For more on how this hack occurred, check out our earlier article on social engineering.
Hackers obtained 17 million users’ information from the hospitality exchange service Couchsurfing. The information was believed to have been stolen during a breach in early July 2020 before appearing on hacking channels and forums for sale, where hackers offered the leaked email addresses and real names for 700 USD.
Luckily, as far as investigators could tell, the stolen data did not include passwords, but user emails can be added to spam lists and used for malware distribution operations in the future.
A dark web data broker claimed hackers might have extracted the data from an old backup file, which would explain the lack of any password information.
In September 2020, a database with the customer information of approximately 100,000 gamers who made purchases with the game tech company Razer was found online and unprotected.

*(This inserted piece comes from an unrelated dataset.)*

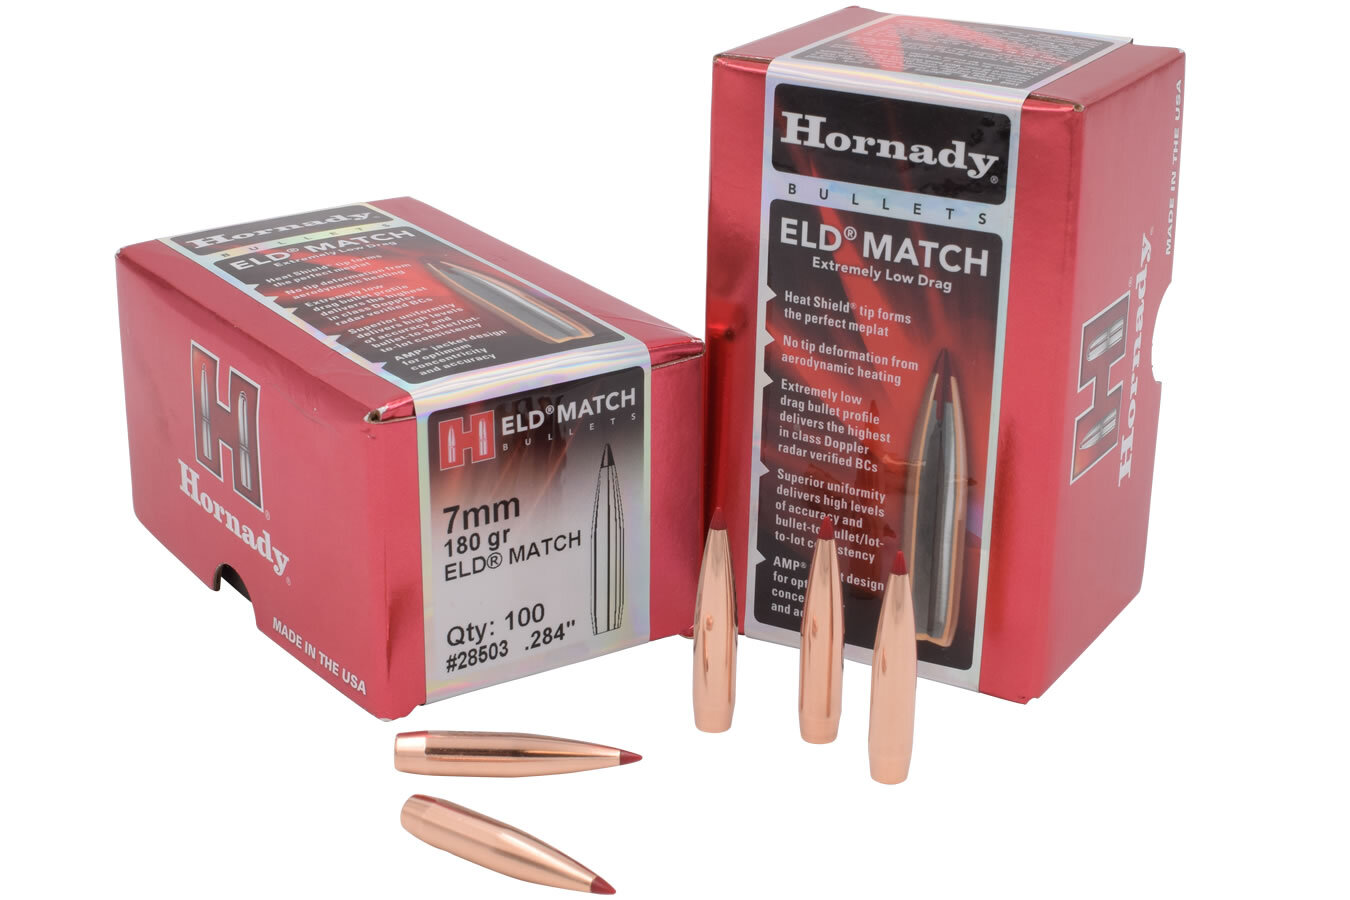 Projectile - 7mm - Hornady 180gr ELD Match / 100pk
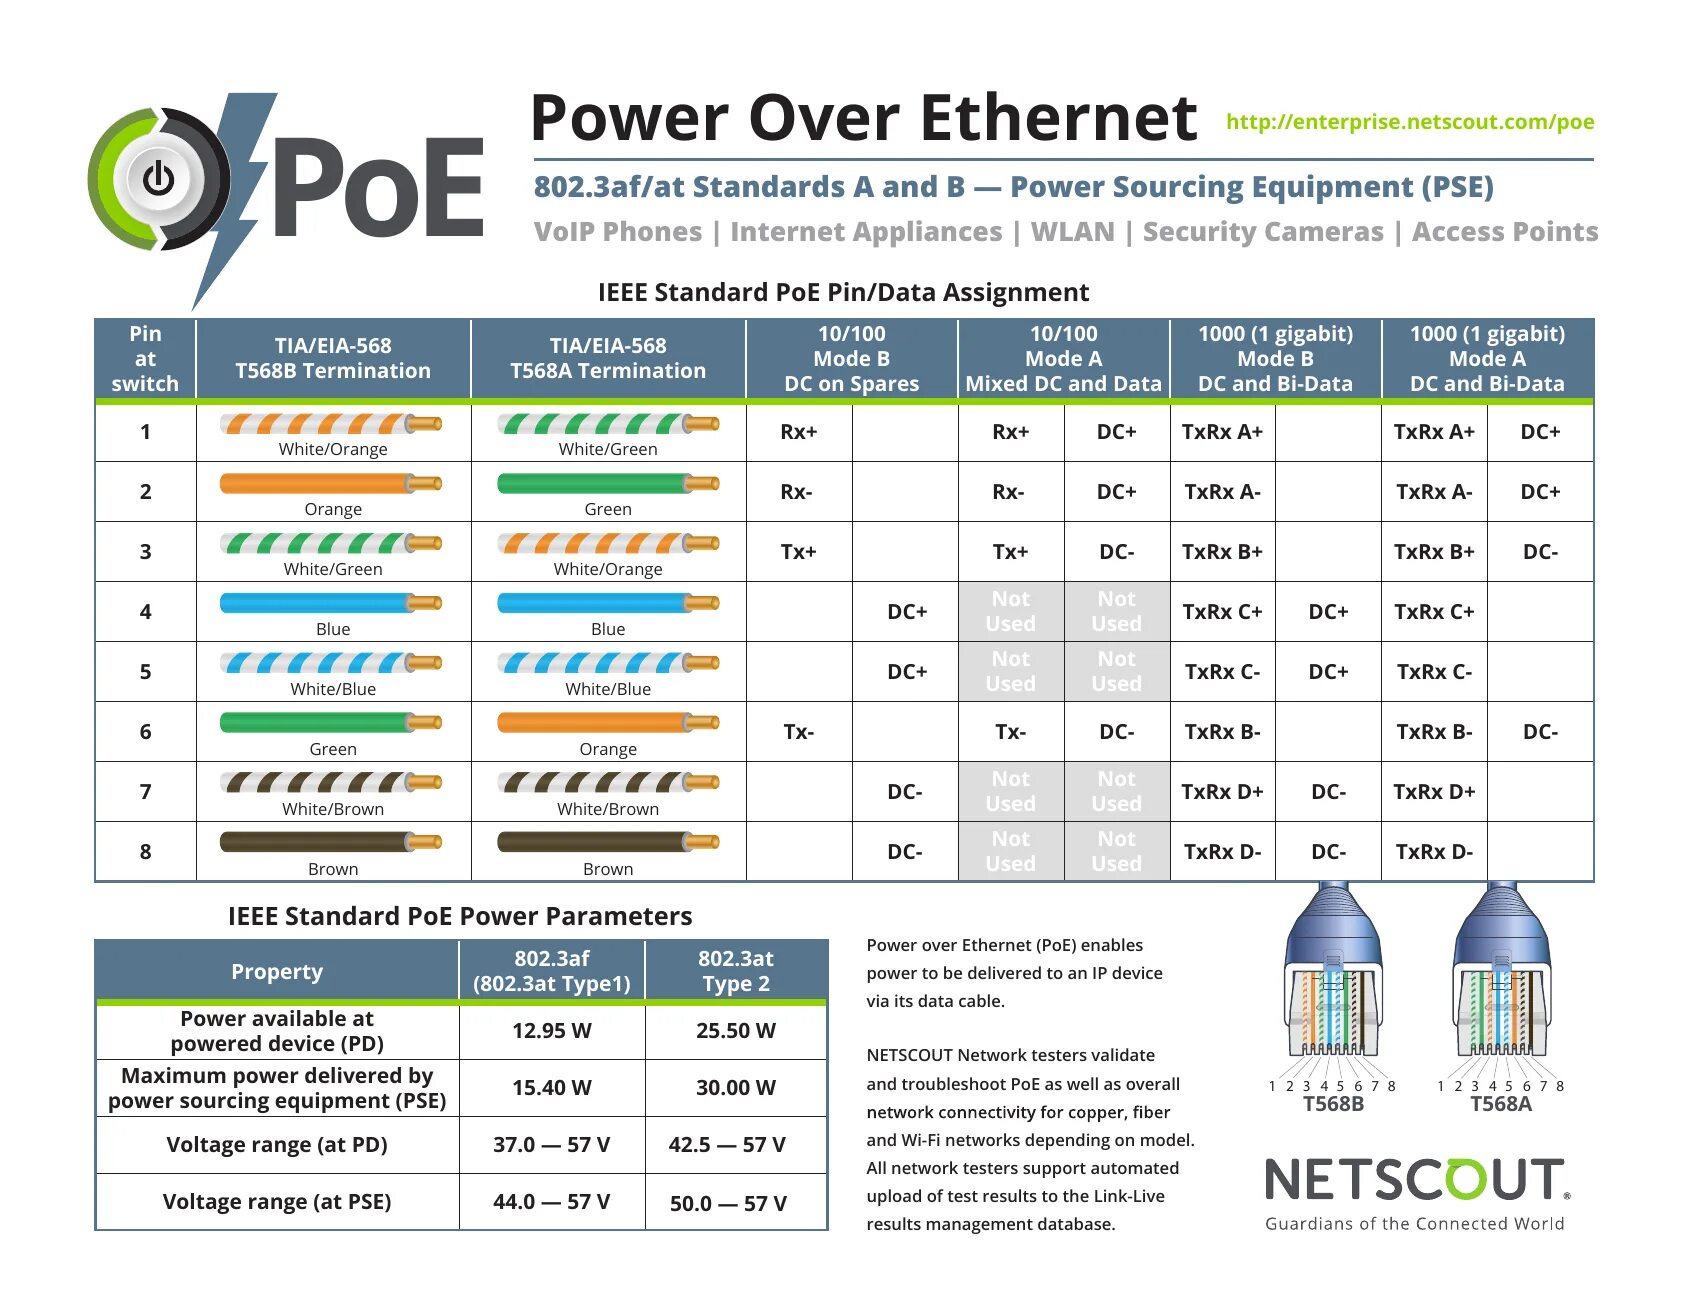 Poe длина. POE 802.3at распиновка. POE стандарты 802.3af/at. Power over Ethernet (POE; стандарт IEEE 802.3af (802.3at Type 1. POE 802.3af распиновка.

The exposed information included names, emails, phone numbers, customers’ internal IDs, order numbers, order details, and billing and shipping addresses.
On September 21, 2020, over 500,000 gamer accounts of Activision, a well-known video game publisher, were targeted in a credential stuffing attack.
It has been reported that login data, such as email and password, was released publicly online, granting hackers access to the Call of Duty accounts, often locking the rightful owners out of their accounts.
Barnes & Noble e-book disruption
On October 15, 2020, a popular bookseller, Barnes & Noble, notified their customers that a cybersecurity attack led to exposed customer information and caused service disruption of Nook e-reader books.
The company has not disclosed how many customers have been impacted but noted that billing and shipping addresses, telephone numbers, and email addresses were all accessed in the data leak.
Google going down
On December 14, 2020, Google experienced an outage that prevented users from accessing various services and lasted for more than an hour, causing outrage on social media.
Cybersecurity expert Will Geddes claimed that the Alphabet Inc. outage could be part of the same cyberattack that affected the US government and said that this attack “could be the 9/11 of cyber hack attacks”.
Whether he’s right or not, the damage done has definitely been huge — the potential hack against Google has affected nearly 70 million users across various services.
Hacks and data breaches will be a fact of life for as long as people make mistakes, whether that’s misconfiguring a database or using the same password for their bank account that they used for their social media account. Besides, 2020 presented a lot of uncertainty for hackers and social engineers to prey on.
What we can do is learn from these stories and do our best to ensure that the next story about a hack won’t be ours.
One thing you can do to protect yourself in case a company you do business with gets hacked is to always use a unique password for each account. That way if one account becomes compromised, you won’t face security breaches down the line. And always protect your accounts with two-factor authentication so that if someone does get your password, they can’t access your data. Here at Namecheap, we offer multiple methods to lock down your account with 2FA.